Gadis itu bangkit kemudian melepas paksa infus di lengan tangannya. Saat gadis itu hendak turun dari brankar, Eros menahannya. "Gemma, jangan kayak gini. Lo mau kemana?"

"Pulang."

"Sama gue—"

"Nggak! Cukup, Eros! Lo nggak perlu peduliin gue lagi." Eros menggeram tidak suka. Tangannya yang masih menahan lengan Gemma tidak ia biarkan terlepas.

"Apa udah bener-bener nggak bisa?" tanya laki-laki itu. Cahaya obsidiannya masih memancarkan harapan meskipun, kekecewaan mendominasi di sana.

Gemma menggeleng. "Apa gue nggak layak untuk bahagia?"

"Lo layak. Lo lebih dari layak untuk bahagia."

Mata gadis itu memanas, tetapi enggan menangis. Ia sudah lelah untuk menjadi lemah. Genggaman Eros semakin kuat. Perlahan, laki-laki itu menuntun Gemma agar kembali ke brankar karena gadis itu masih perlu istirahat lebih banyak.

"Gue capek! Di saat gue harus lari ngejar kebahagiaan gue, semakin gue berusaha ngejar, kebahagiaan itu semakin menjauh. Di saat kebahagiaan itu datang sendiri, gue berusaha meraih.
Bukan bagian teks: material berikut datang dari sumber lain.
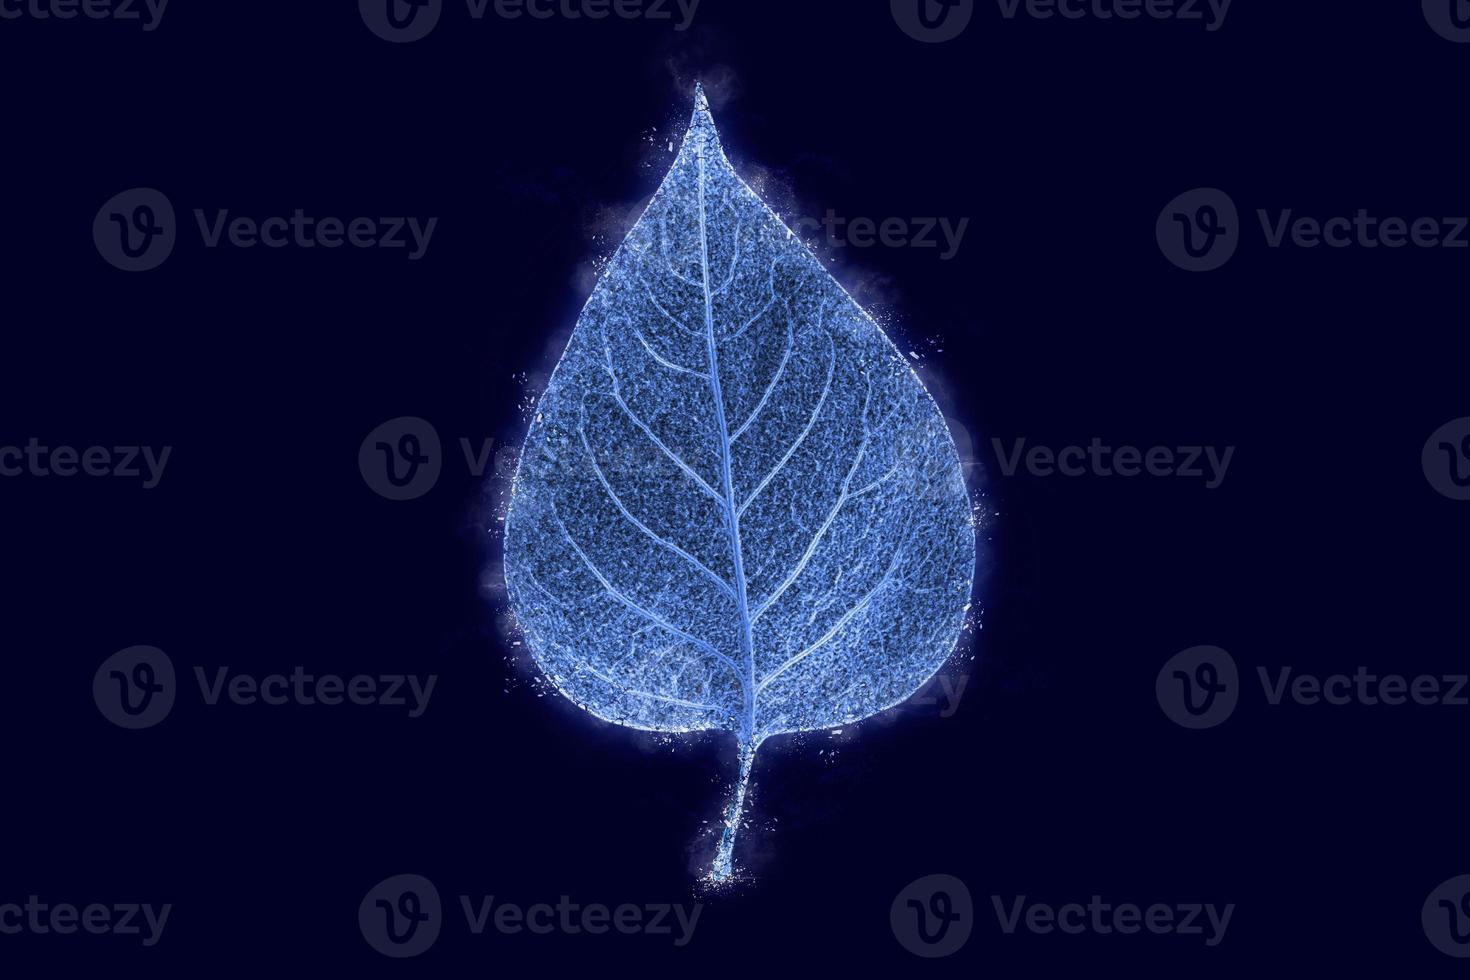 une feuille d'arbre de syringa glacée congelée isolée sur fond bleu foncé, effet couvert de glace bleue sur la feuille photo

Tapi, kebahagiaan itu ada di tepi jurang. Dan uluran tangan yang gue harapkan ternyata dorong gue jatuh ke jurang itu. Kebahagiaan yang bagi orang lain kayak minum air di tepi danau, bagi gue kayak fatamorgana di gurun pasir. Genangan air itu fana," ucap Gemma terisak.